Information given Block Start
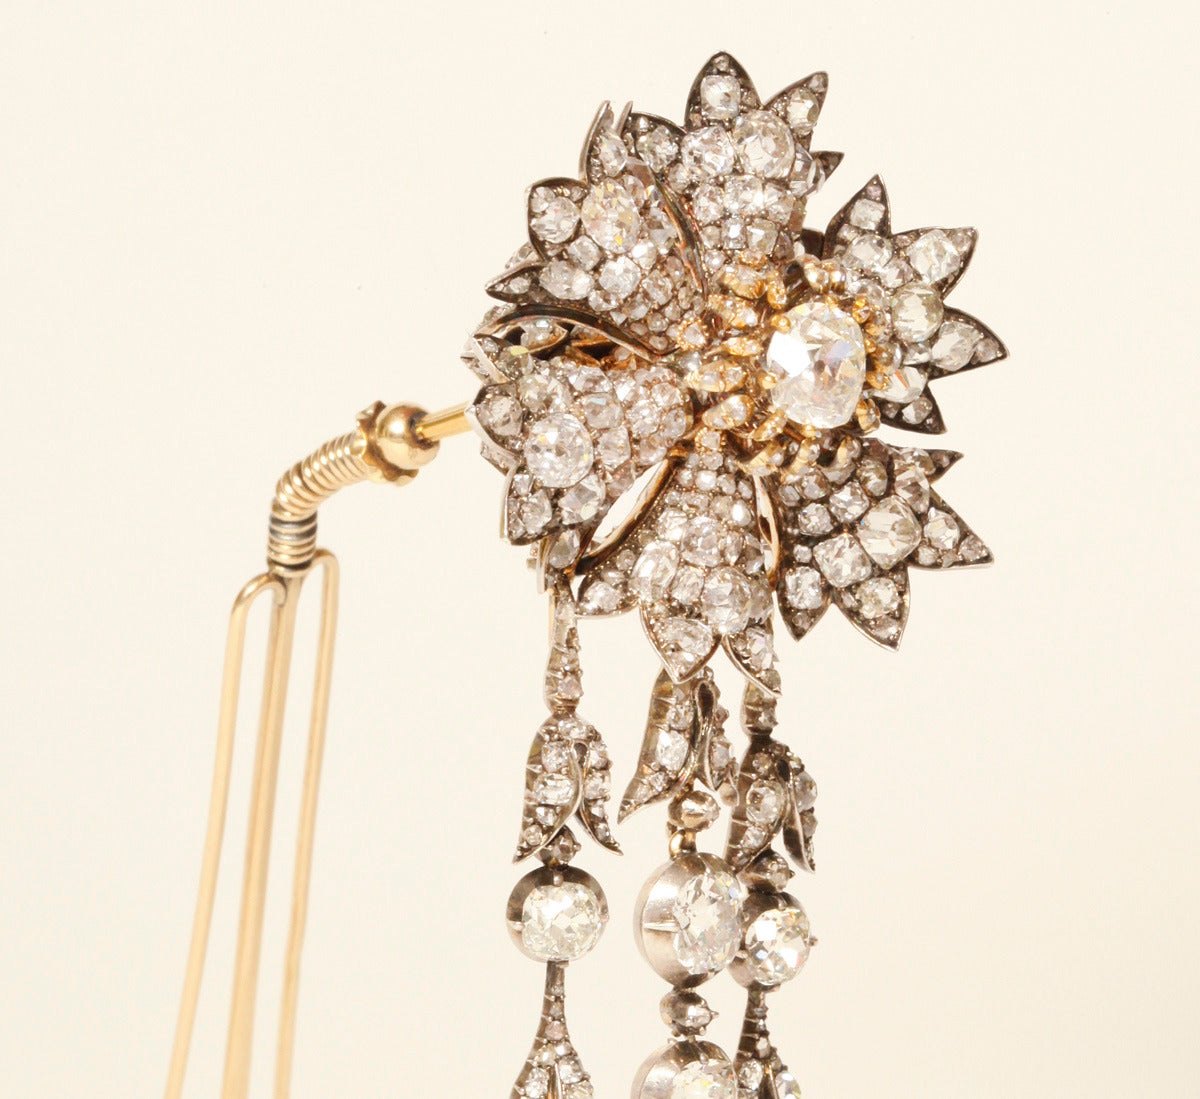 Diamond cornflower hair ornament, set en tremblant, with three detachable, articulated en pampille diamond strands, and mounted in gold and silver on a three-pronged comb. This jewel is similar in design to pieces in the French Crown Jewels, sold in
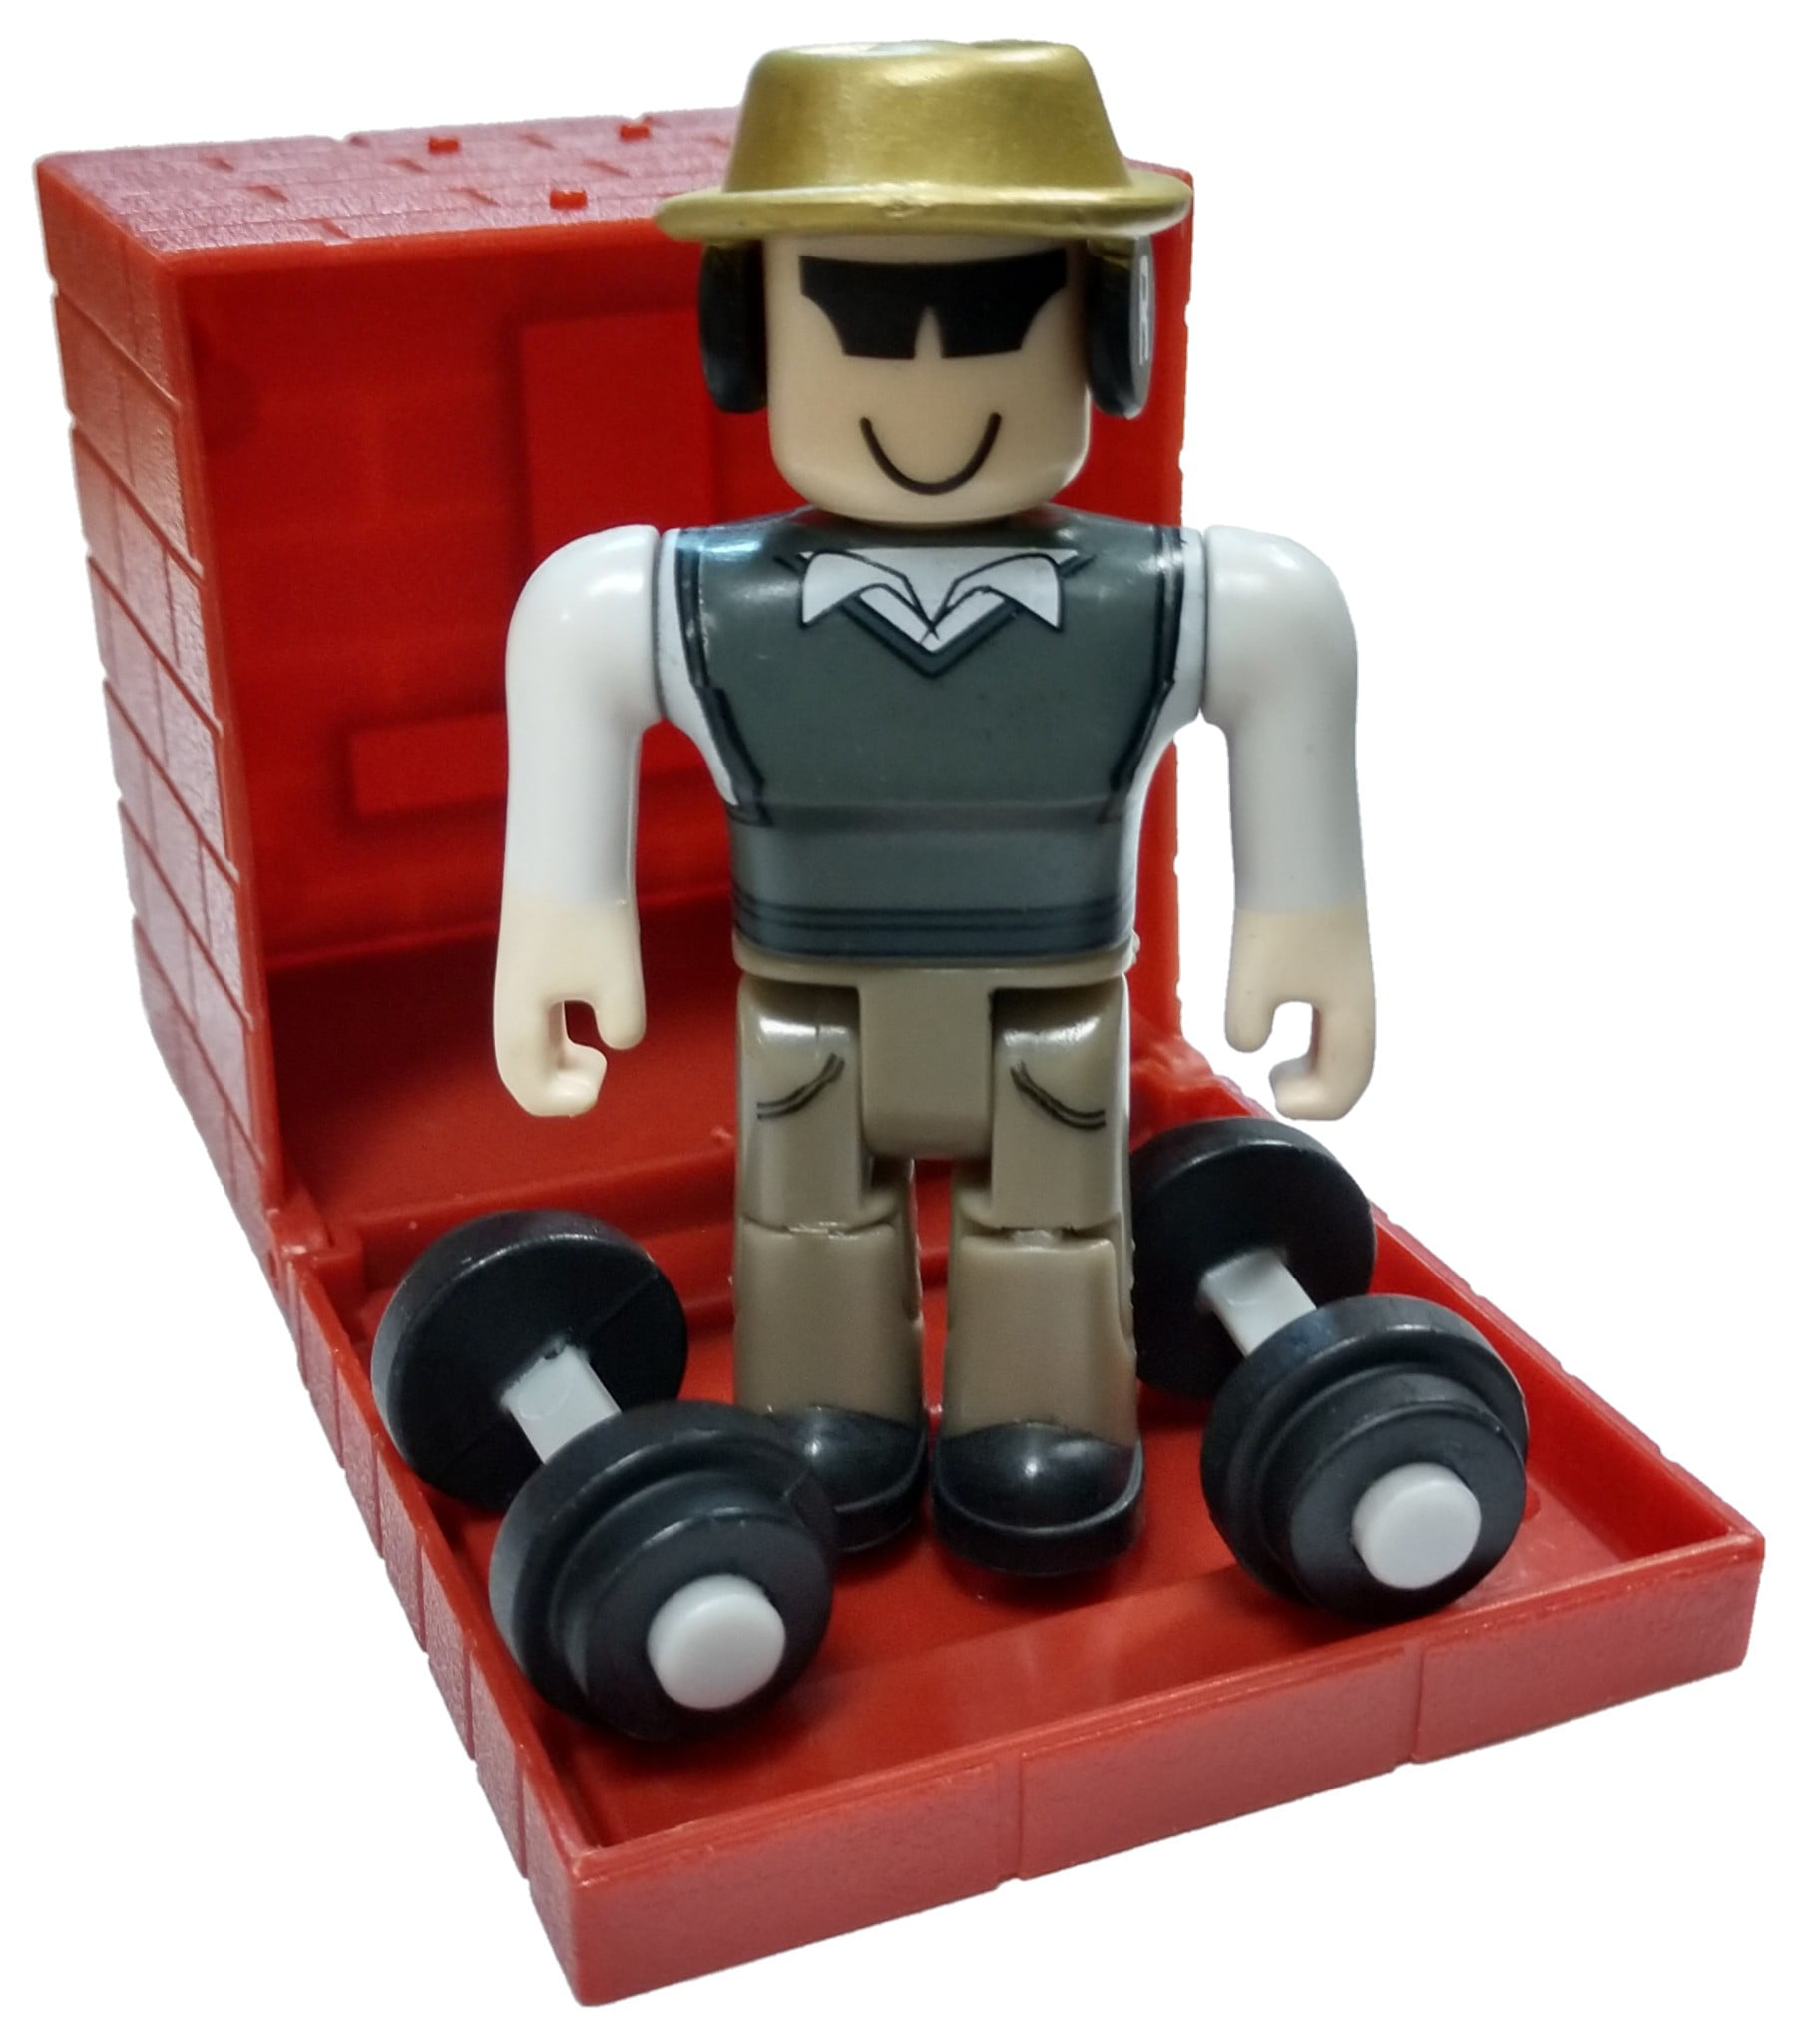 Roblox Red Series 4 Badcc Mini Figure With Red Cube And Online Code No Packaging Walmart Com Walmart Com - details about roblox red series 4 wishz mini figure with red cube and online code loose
Information given Block End
Information given Block Start
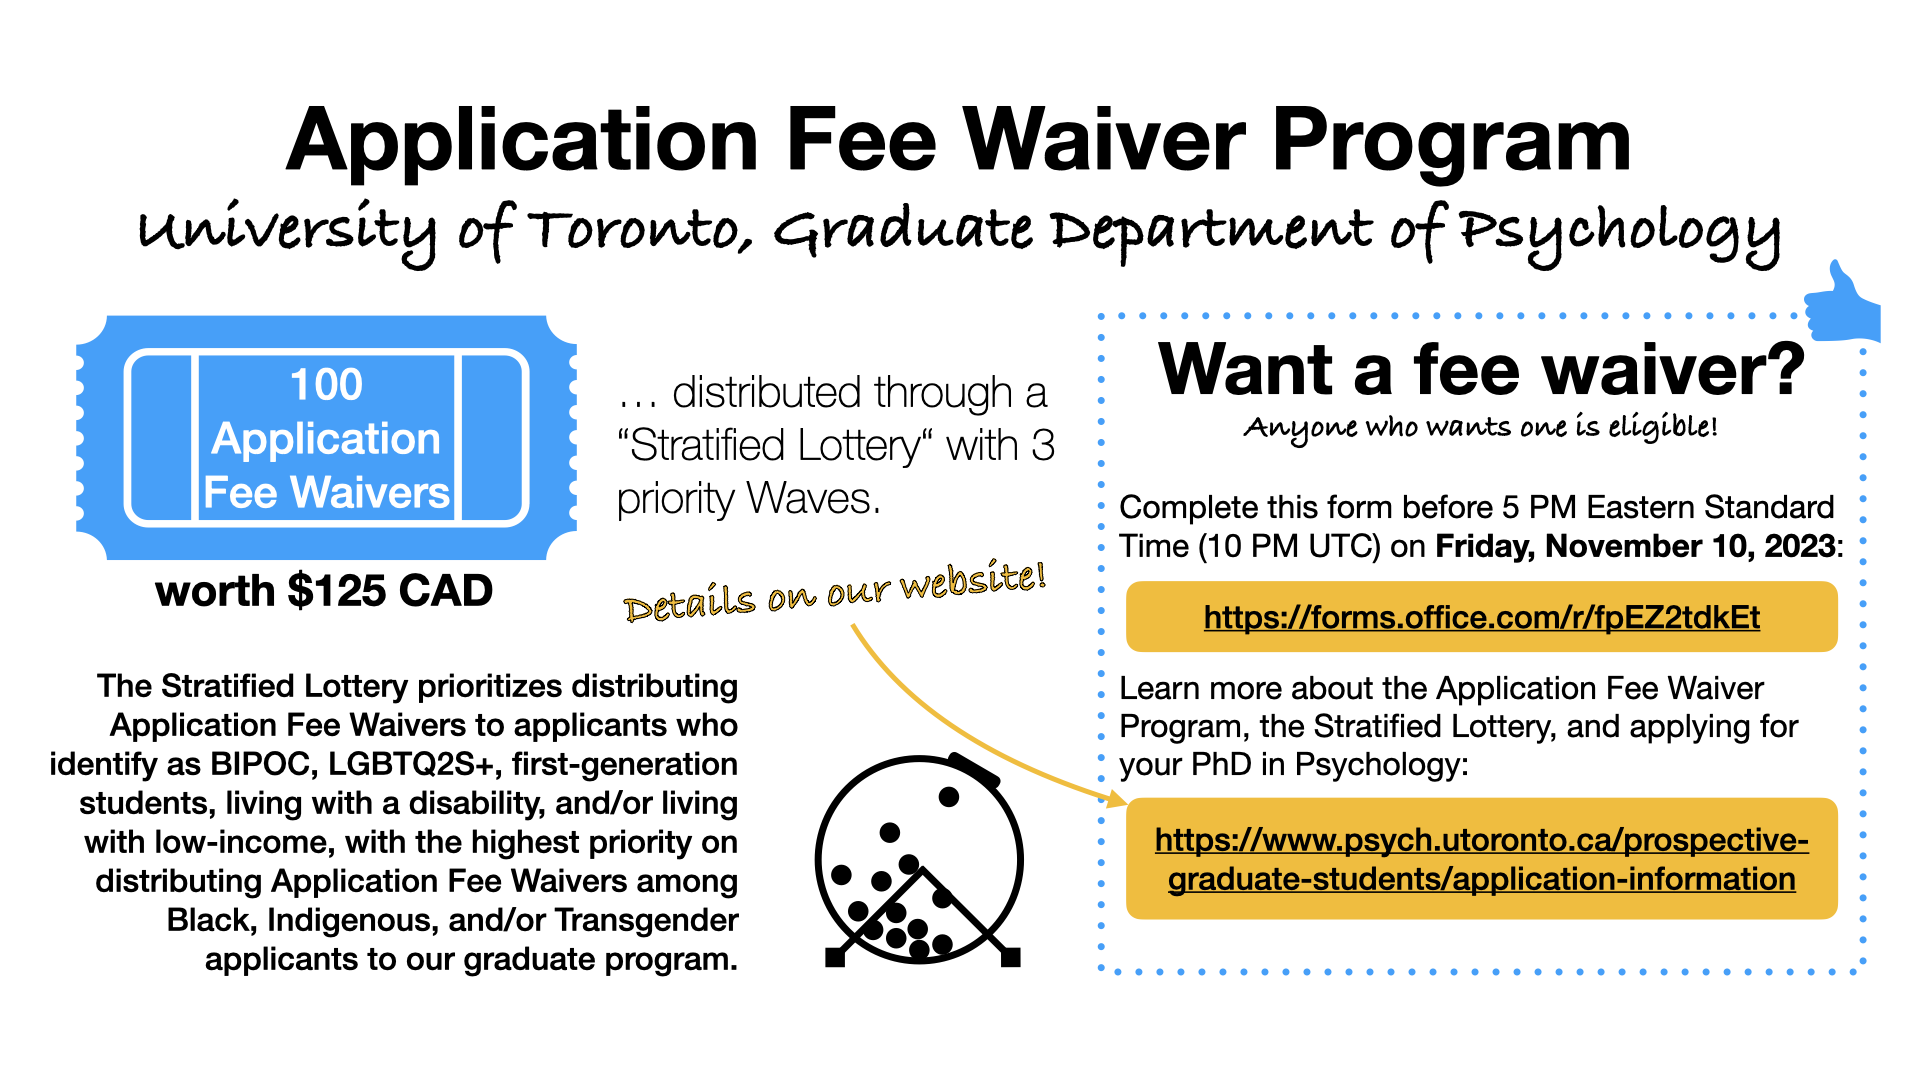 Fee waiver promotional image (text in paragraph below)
Information given Block End
What is being asked ::
The output is the stretch above from the line with "Diamond cornflower hair" through the line with "Roblox Red Series 4 Badcc", copied word for word with both ends kept and every picture dropped.

Written solution ::
 Diamond cornflower hair ornament, set en tremblant, with three detachable, articulated en pampille diamond strands, and mounted in gold and silver on a three-pronged comb. This jewel is similar in design to pieces in the French Crown Jewels, sold in
 Roblox Red Series 4 Badcc Mini Figure With Red Cube And Online Code No Packaging Walmart Com Walmart Com - details about roblox red series 4 wishz mini figure with red cube and online code loose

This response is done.